Thank you. Ladies and gentlemen, we will now begin the question and answer session. Should you have a question, please press the star followed by the number one on your touchtone phone. You will hear a prompt that your hand has been raised. Should you wish to decline from the polling process, please press the star followed by the number two. If you are using a speakerphone, please lift the handset before pressing any keys. One moment, please, for your first question. Your first question is from Tom White from D.A. Davidson. Please go ahead.

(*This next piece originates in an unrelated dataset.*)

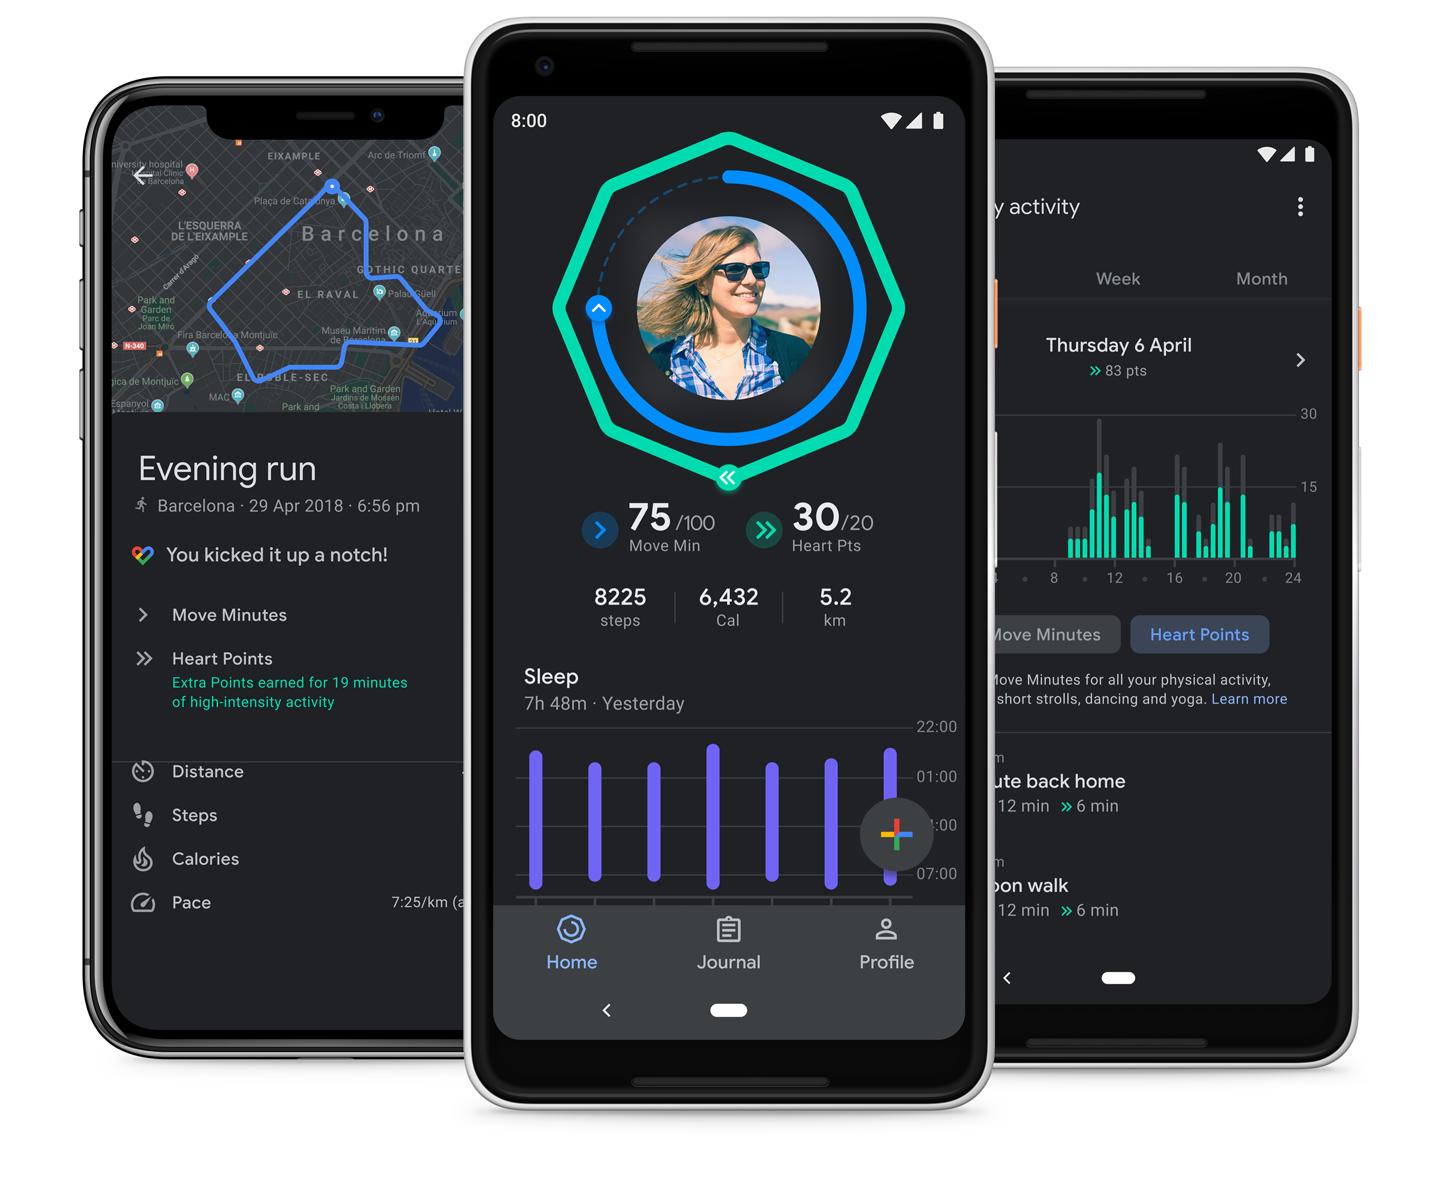 تطبيق Google Fit يأتي بالوضع المُظلم لجميع المستخدمين وأكثر

Good morning. Thanks for taking my questions. Two if I could. I guess first off, just on the drivers of revenue in the third quarter, it was impressive to see that you delivered a bit of kind of upside versus kind of expectations on revenues despite national kind of declining sequentially when we all were fingers crossed that it might be up a little bit. So just can you help us? I guess what I'm trying to understand is on dealer revenue, Obviously, you guys are doing stuff on repackaging and product, but maybe first off, just on the industry backdrop, and you added dealers again for the third straight quarter. It sounds like you're going to add dealers again, and it sounds like marketplace is maybe one of the main areas where you're adding dealers. I don't know. How would you characterize how dealers are sort of navigating the current industry backdrop? Are they leaning into you guys on Marketplace because they need to find new sources of demand? Is it because of maybe the words getting out that some of the new media stuff that you're adding to the higher tiers is really attractive? Sorry for the long-winded question, but maybe just trying to unpack that a little bit, and then I have a quick follow-up.

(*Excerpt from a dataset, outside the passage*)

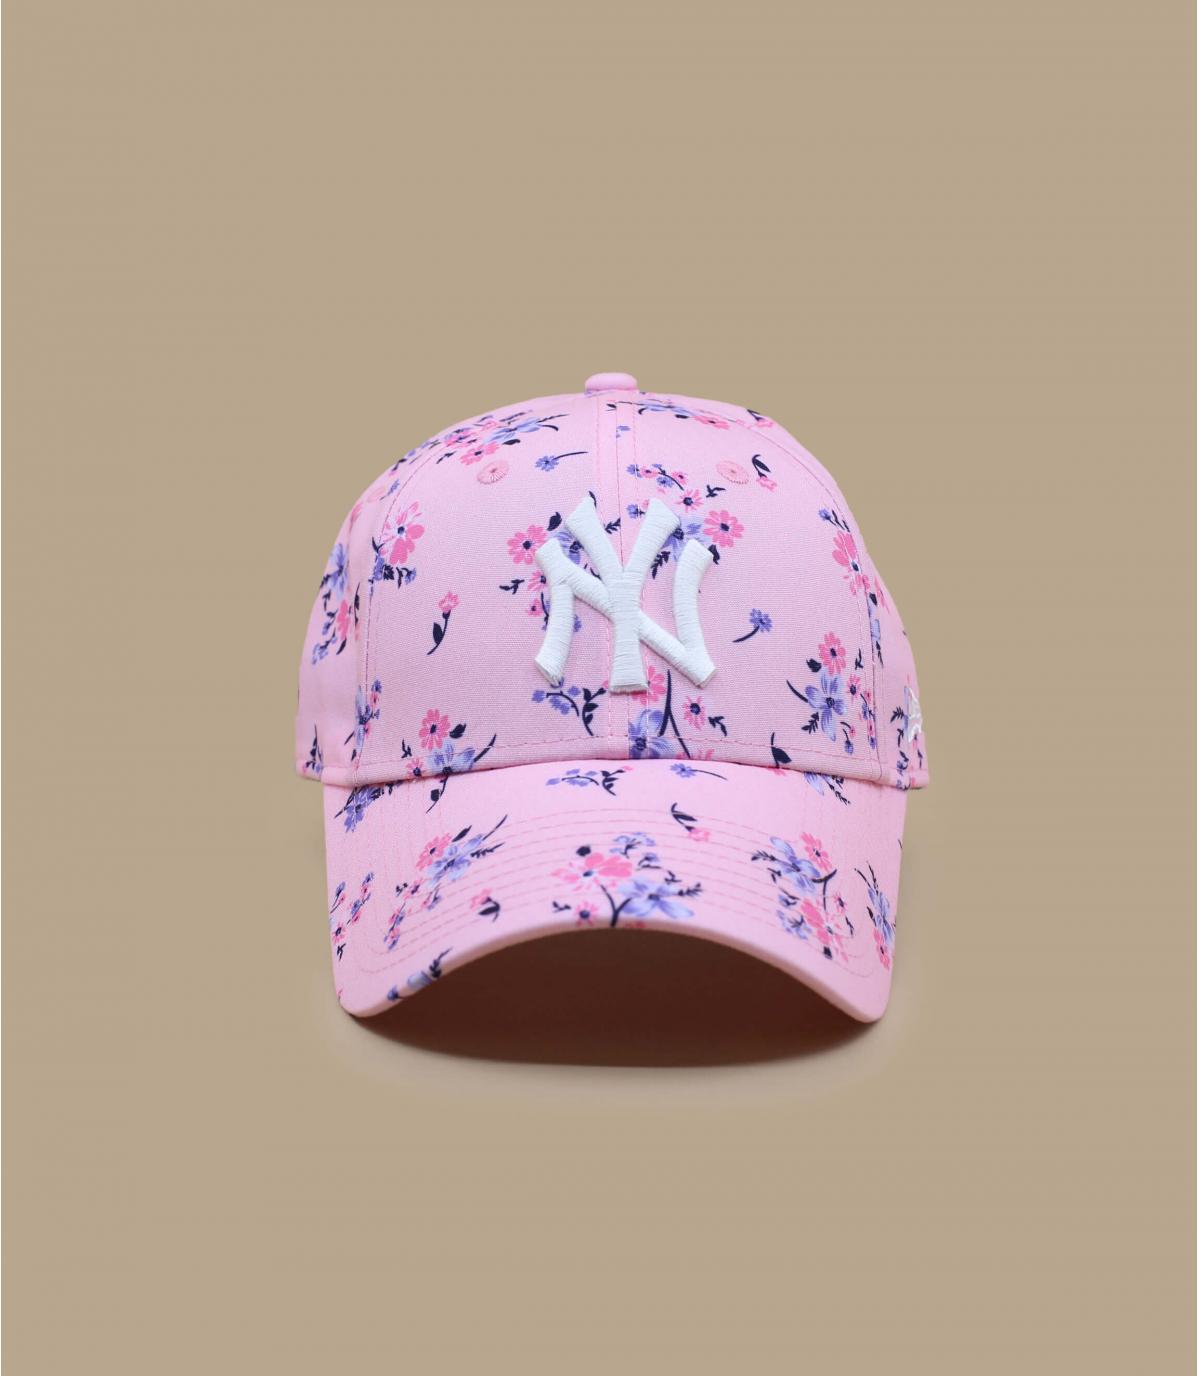 Détails Casquette Wmn Floral NY 940 pink - image 2

Tom, thanks for your question. I'll start, maybe then Sonya can get some color on the revenue mix. But I'll start, you know, obviously manufacturers have got some near-term headwinds that certainly are impacting their business. We feel good about the business because overall enthusiasm for our audience, particularly the concentration of new car shoppers that we have in our marketplace, remain scaled, healthy, and strong. And so the vast majority of our OEM partners are leaning in, not only this year, but also next year. We did have some pullback in the quarter from two OEMs that were temporary in sentiment, not performative, meaning that they had their own internal issues and that delayed their investments with us in the period. That's why we feel fundamentally bullish about the business overall and our ability to continue to grow OEM revenue heading into next year and beyond. I think on the dealer side, it is a little bit of a mixed bag right now. I think dealerships are struggling with softening demand and the vast majority of dealer investments are chasing impressions and clicks. across the internet. And I think the smart dealers are realizing tapping into in-market car shoppers who are actively in market is a much surer path to sales. And so we're pleased with dealer adoption, not only in the quarter. And as you noted, that growth continued into October. And so we're feeling good about dealers realizing the strength of our scaled audience. Certainly some of the product innovation that we're doing on the AI front has garnered some dealer interest as well. But ultimately, we feel like the market is realizing our strength and our value. Sonia, you want to comment on the revenue buildup?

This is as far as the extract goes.